After a manual reboot, the Opener entities showed up. RSSI is not as good as I would have expected (for the Lock it is in the 30s, Opener hasn't changed much, 70s, despite both Opener and Lock being very close together, but the wall is curving slightly away from the position of the NH). Not much improvement over the AtomLite for the Opener, but a lot for the Lock.

I'll try to provide serial logs tomorrow.

iranl commented 2 months ago

I am going to need a usb/serial log (MQTT log is not enough) using a debug binary to figure out what is causing this. Preferably using https://github.com/technyon/nuki_hub/actions/runs/10202945526/artifacts/1765925629

mundschenk-at commented 2 months ago

Yes, I'll try to set up my laptop to record serial logs tomorrow.
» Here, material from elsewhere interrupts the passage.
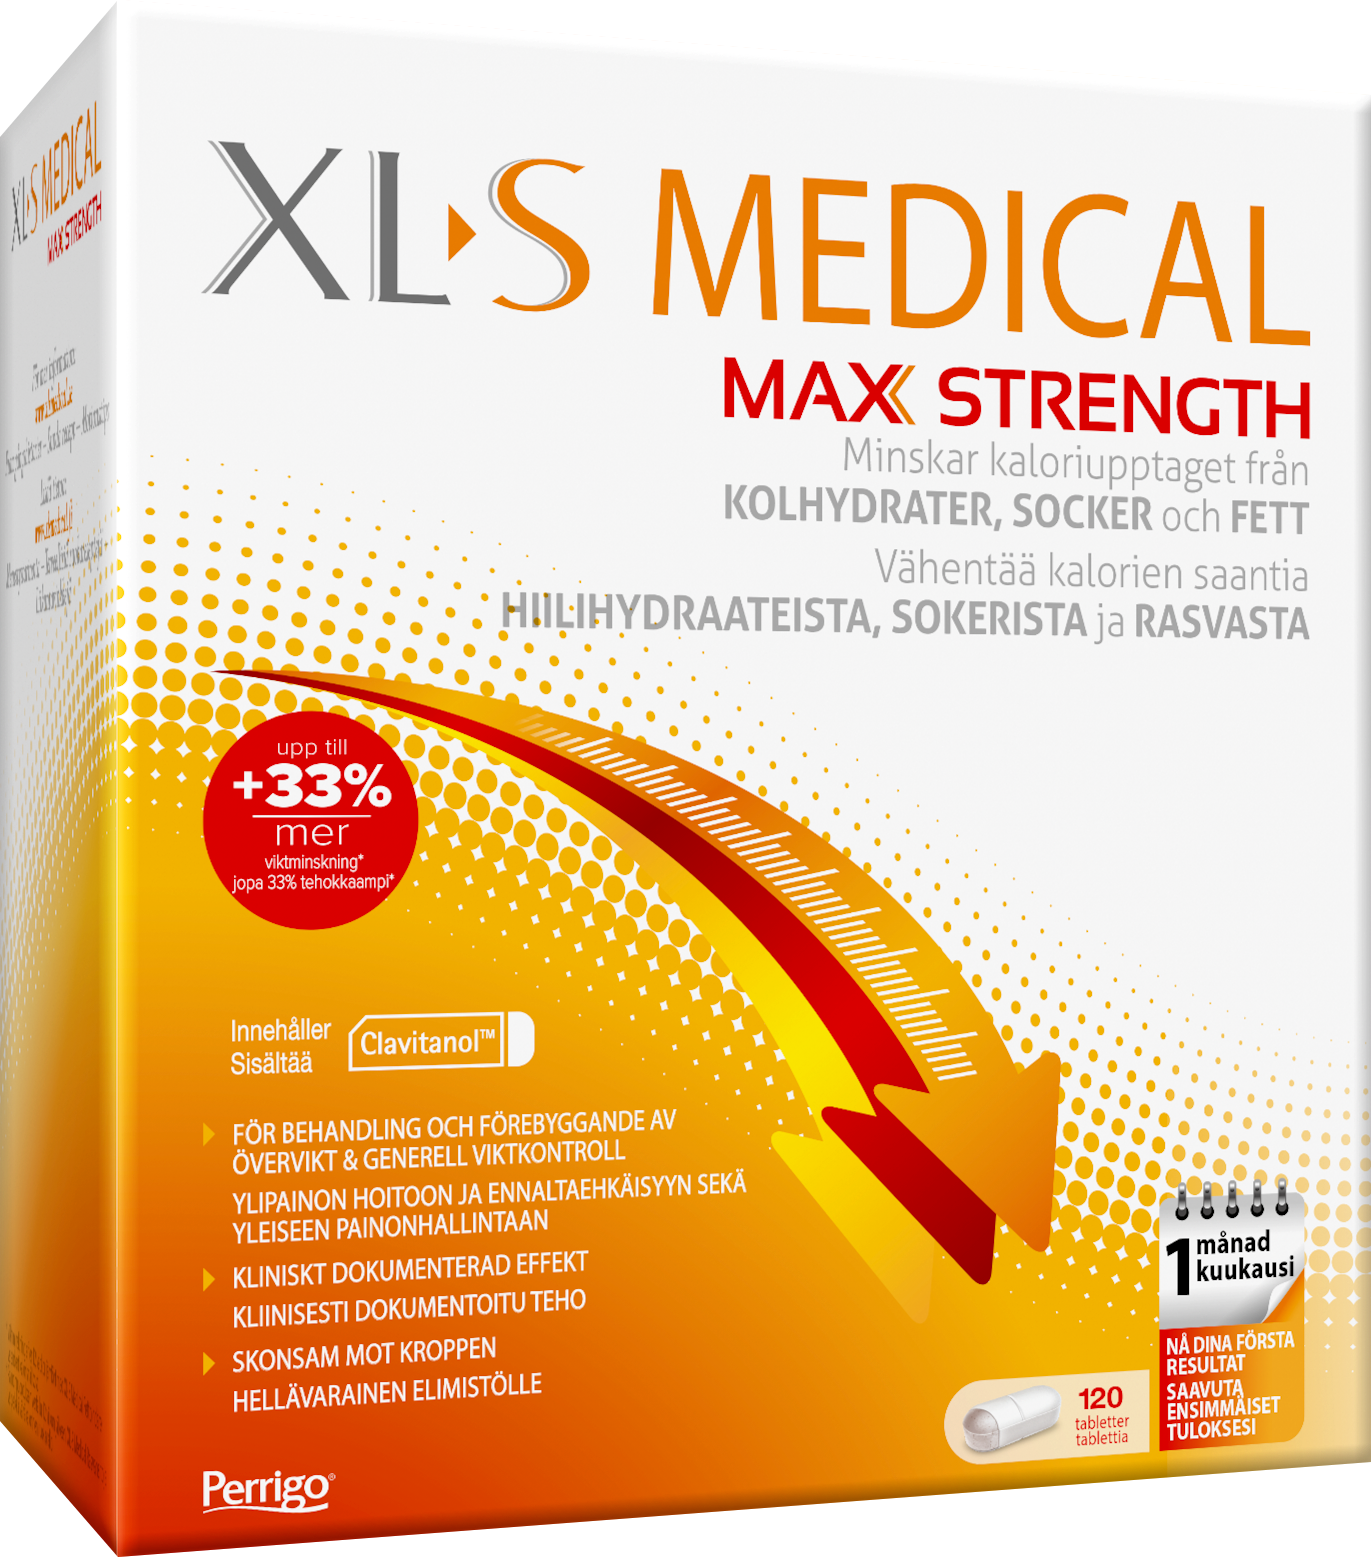 Xl-S Medical Max Strength Viktminskning 120 tabletter

iranl commented 2 months ago

If USB serial is too much of a hassle you can wait for the currently open PRs #444 and #445 to be merged.

You should then be able to easily update to a debug binary with WebSerial which allows you too get as much relevent information using WebSerial as you could using USB serial without connecting the device to a computer

iranl commented 2 months ago

@mundschenk-at: Are you still having issues?

Can you provide the serial logs with a debug binary?

You can also do the following:

mundschenk-at commented 2 months ago

Hi @iranl, I've just enabled webserial and it does look like there is still something going on. I'm currently redacting the file, but just to be sure, the "manufacturer data" and UUIDs in the beacons is not in any way sensitive? (I really don't know much about BLE on the protocol level.)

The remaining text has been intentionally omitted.